Through a Shared University Research (SUR) award from IBM -- consisting of IBM software, eServer and storage technologies -- the Broad School and IBM are creating The Center for On Demand Supply Chain Research, a laboratory that will serve as an environment for modeling and analysis of an on demand supply chain. Broad School graduate students and faculty will use the laboratory to study, simulate and test the key relationships in an end-to-end supply chain, focusing on the dynamic flow of information and the resulting interdependencies between them. Their work is expected to help IBM and other companies build dynamic supply chains that can sense and rapidly respond to changing customer demands and market conditions.

Supply chain management has become an area of critical importance to IBM, as the company works to transform itself into the world's premier on demand enterprise. The need for an on demand supply chain has been in large part driven by customers' desire to buy technology solutions consisting of hardware, software and services rather than just piece parts. In 2002, improvements in supply chain management reduced IBM's cost and expense by about $5.3 billion.
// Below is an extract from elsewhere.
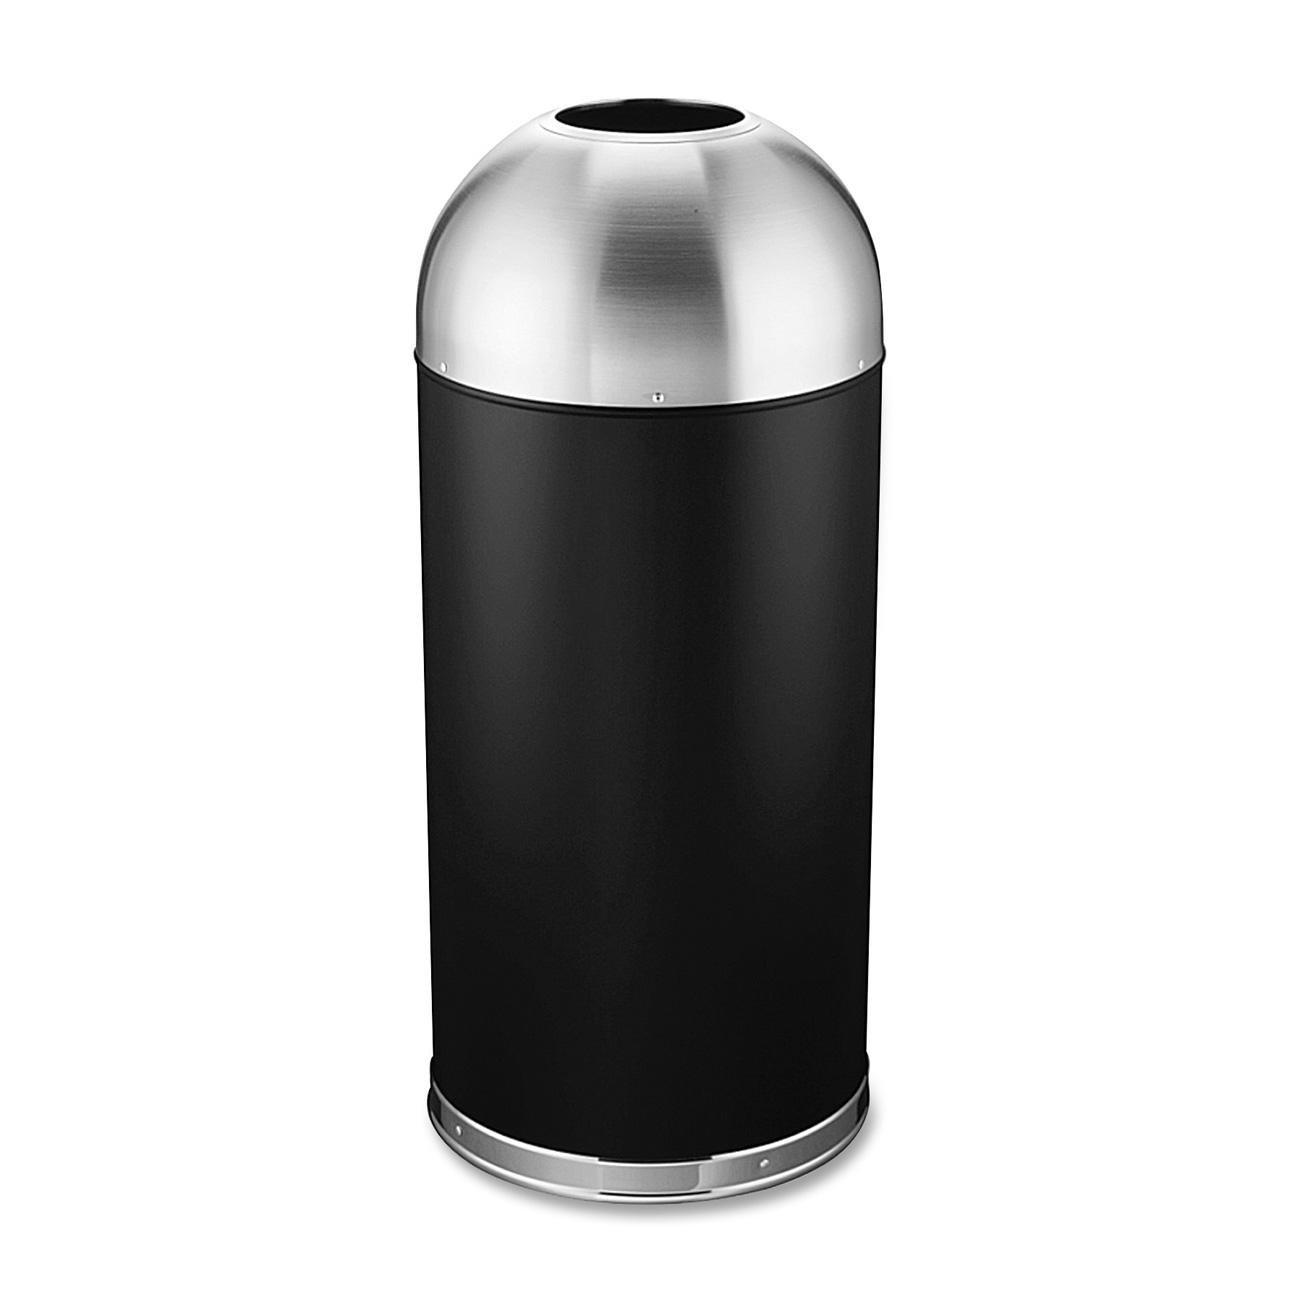 Genuine Joe GJO58896 Stainless Steel Domed Top Trash Receptacle, 15 gallon Capacity, Black/Silver

At the same time, IBM was able to improve efficiency and responsiveness in key areas such as hardware quality, manufacturing time, on-time delivery and customer billing.

"To become the world's premier on demand business, we have to make our supply chain more flexible and efficient to cope with supply uncertainties, more dynamic to be able to adjust our production and inventory levels on the fly, and more variable and resilient by extending our operations across a network of alliances," said Bob Moffat, senior vice president, Integrated Supply Chain, IBM. "By working with the Broad School and the resources of the new center, we will be able to actually simulate and test new processes in a controlled environment, gaining valuable insight about what works before we put them into practice."

After establishing the Center for On Demand Supply Chain Research with the Broad School, IBM plans to link the lab, via an advanced computing Grid, with other leading partner universities specializing in supply chain management. When operational, the Grid of interconnected laboratories -- which would be the first Grid computing research project in supply chain management that IBM has undertaken in cooperation with academia -- would allow these universities to collaborate and conduct joint applied research and teaching across a group of interconnected laboratories.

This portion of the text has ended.